- _TASK INSTRUCTIONS_
Print the data verbatim. Leave every image out.

- _DATA EXCERPT_
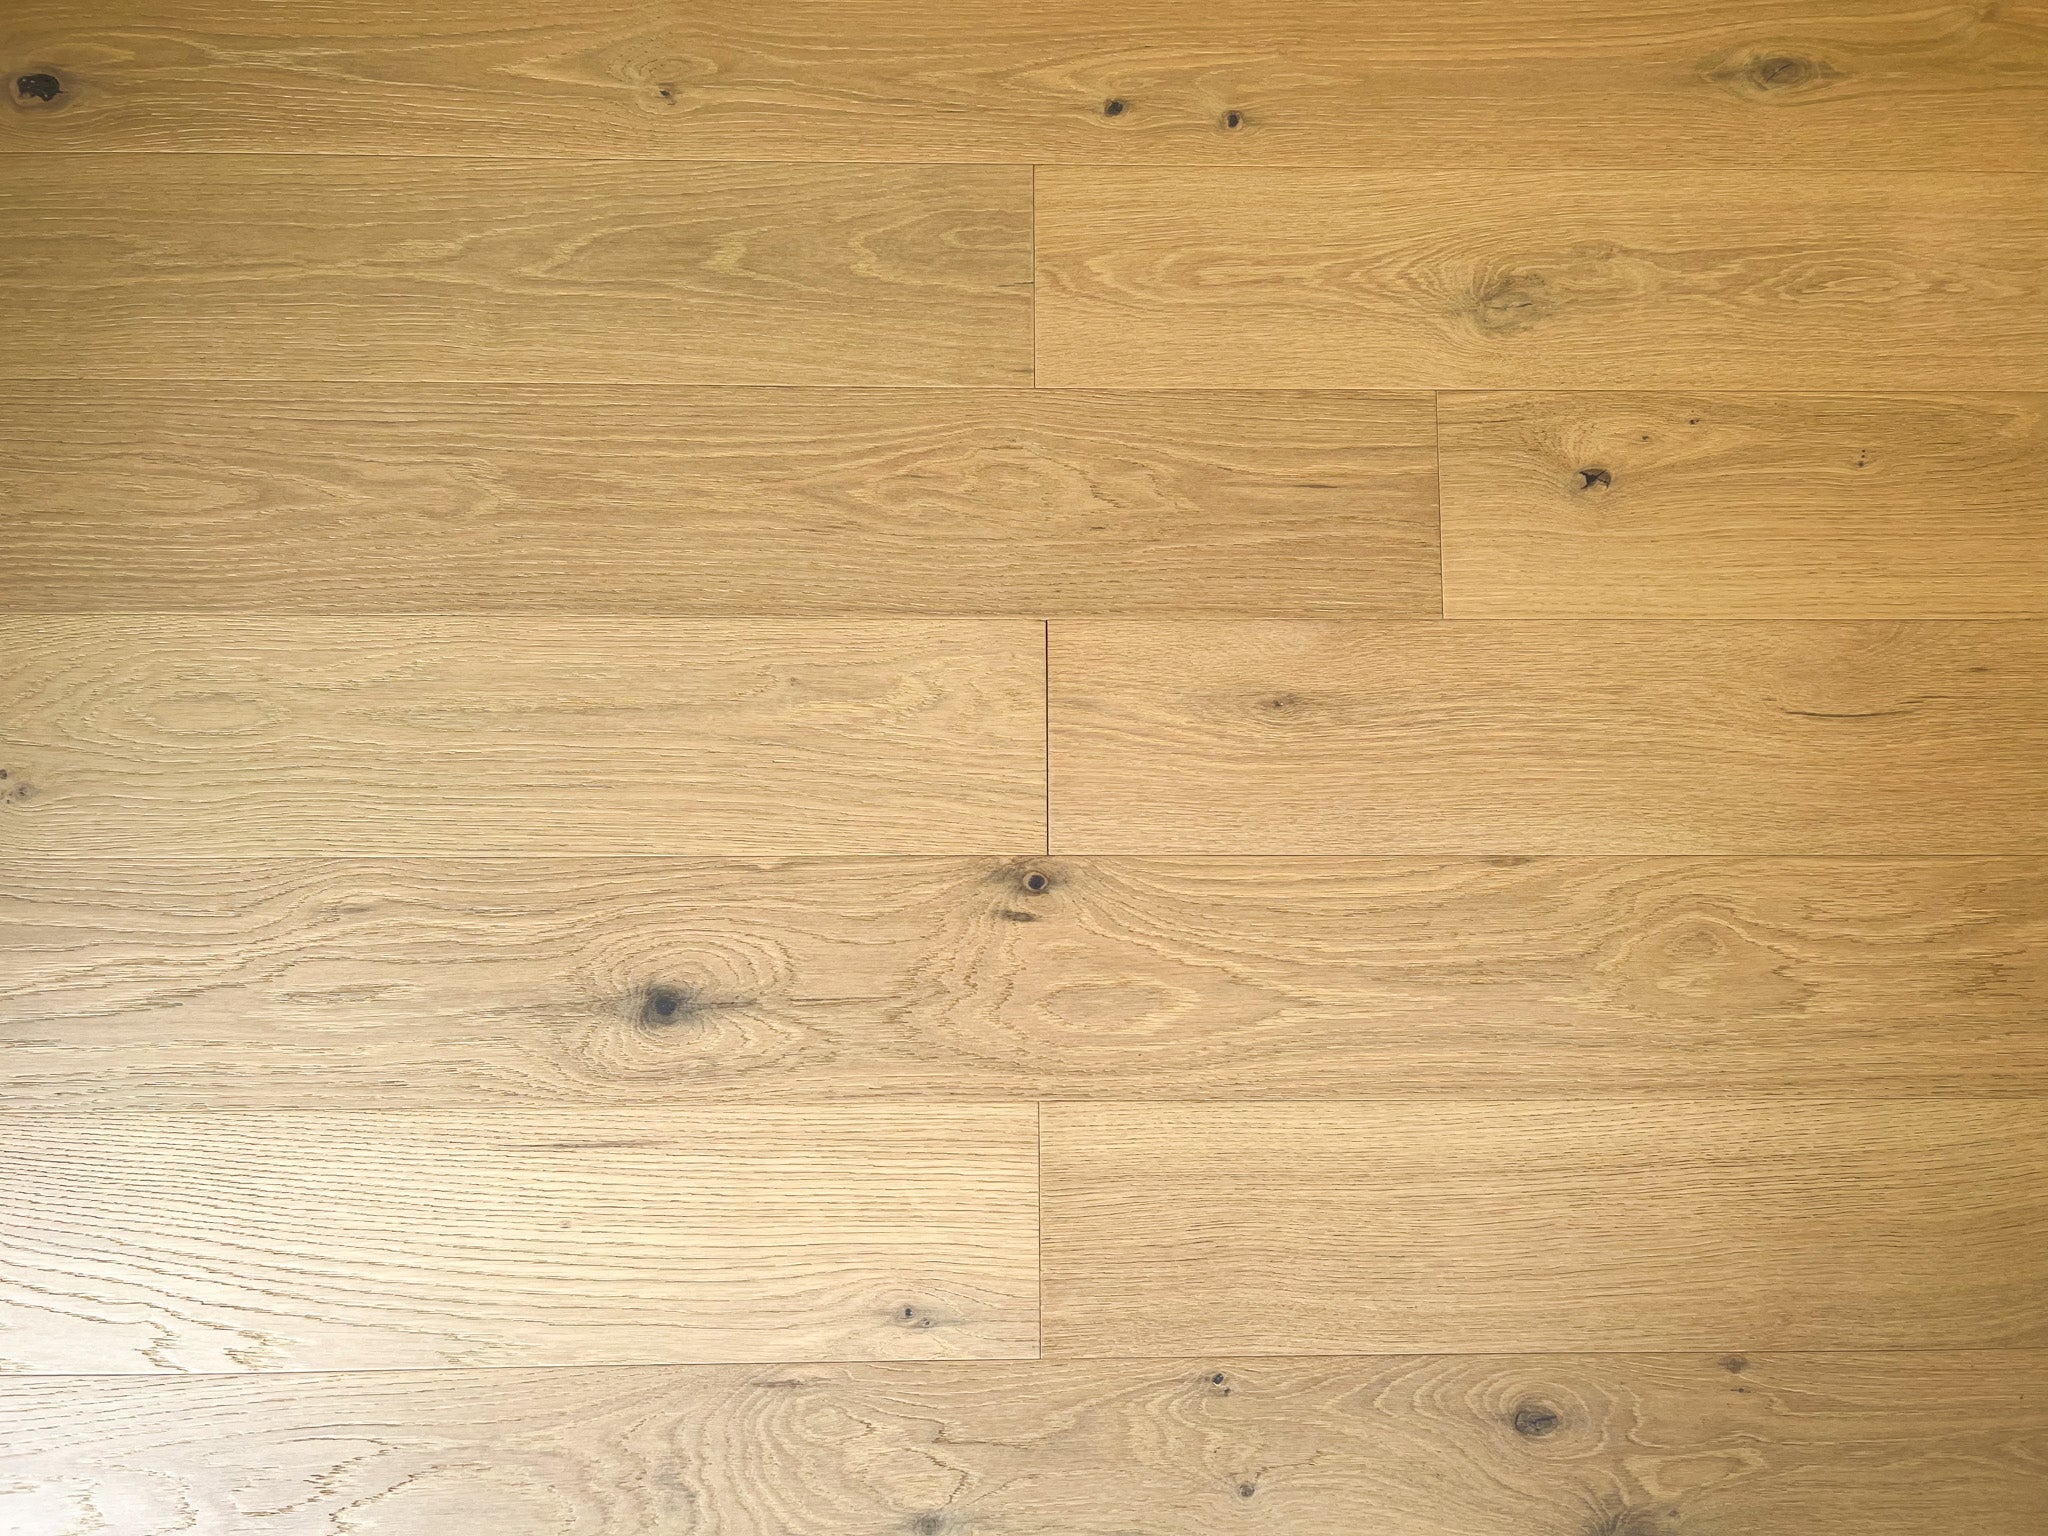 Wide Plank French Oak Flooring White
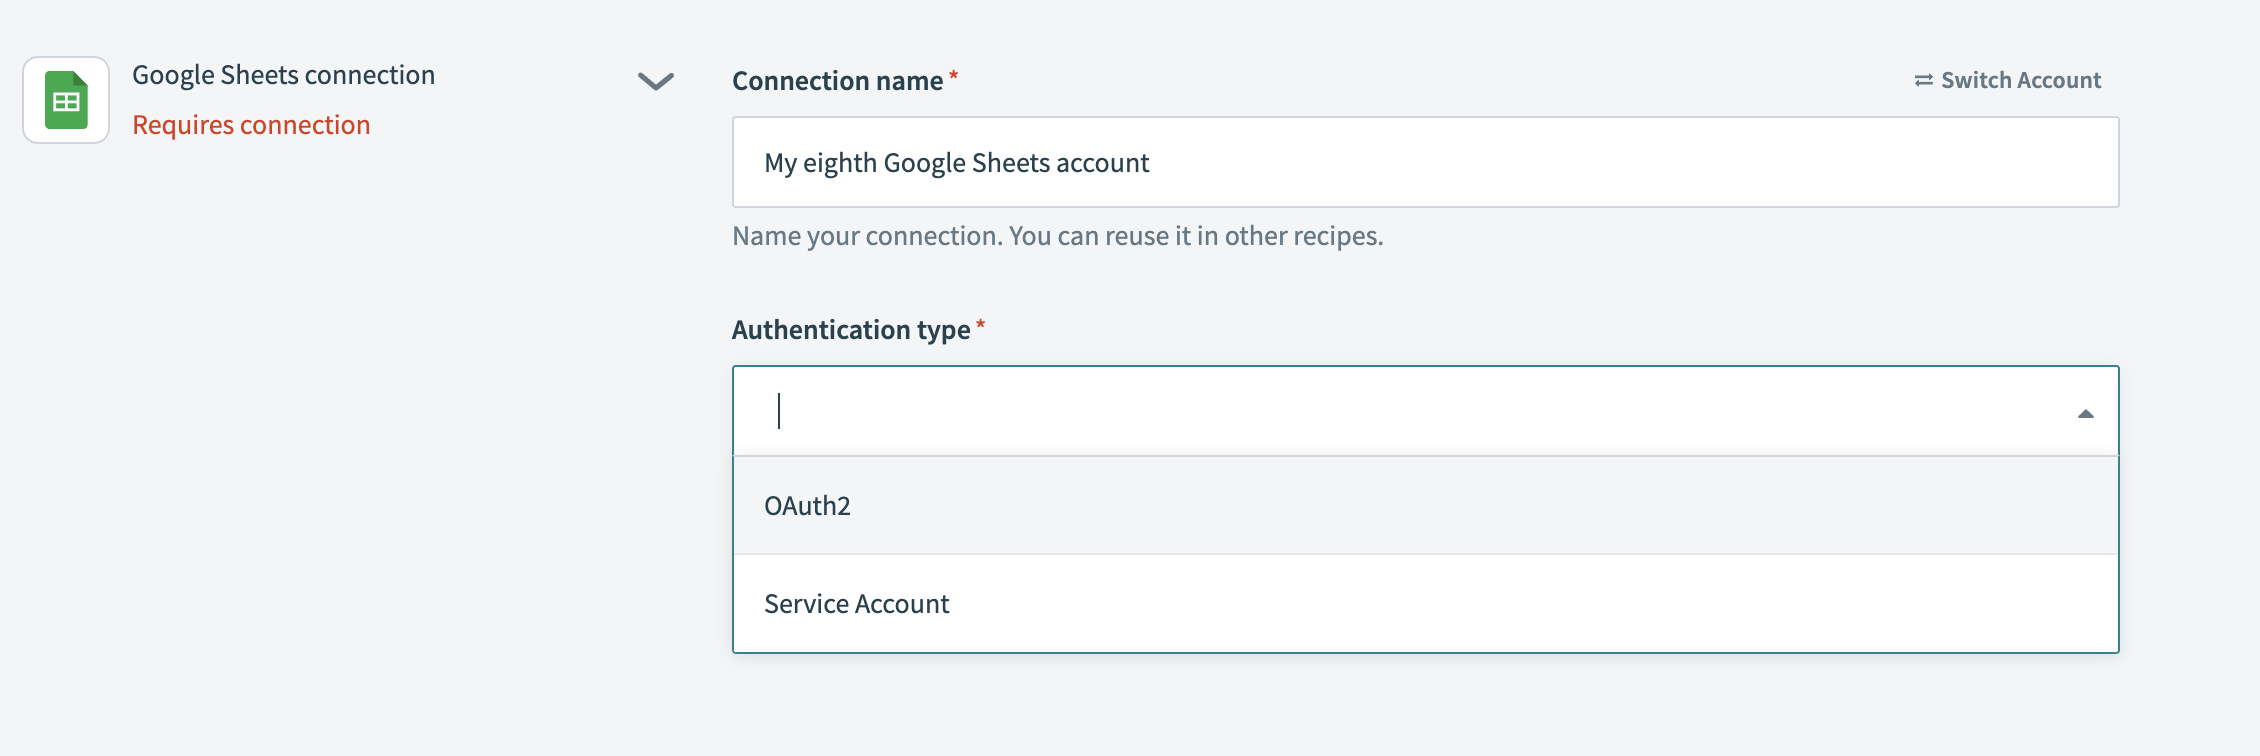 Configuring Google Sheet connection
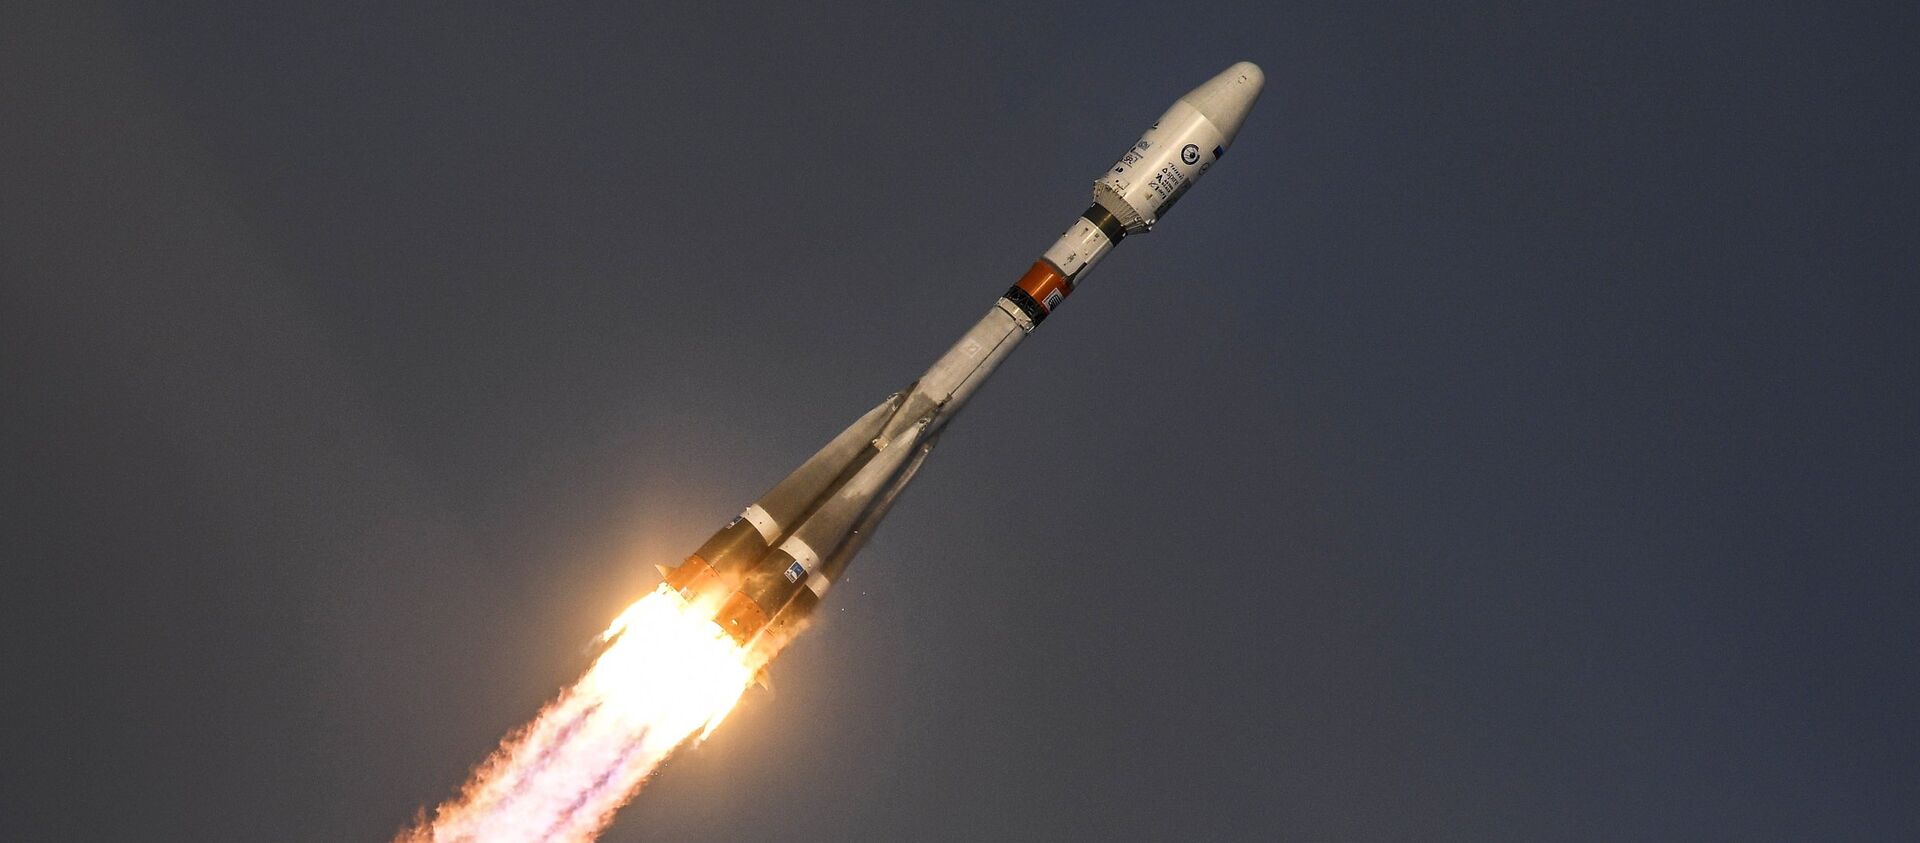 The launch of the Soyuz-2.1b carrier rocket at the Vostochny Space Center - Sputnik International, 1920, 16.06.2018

- _COMPLETED EXERCISE_
 Wide Plank French Oak Flooring White
 Configuring Google Sheet connection
 The launch of the Soyuz-2.1b carrier rocket at the Vostochny Space Center - Sputnik International, 1920, 16.06.2018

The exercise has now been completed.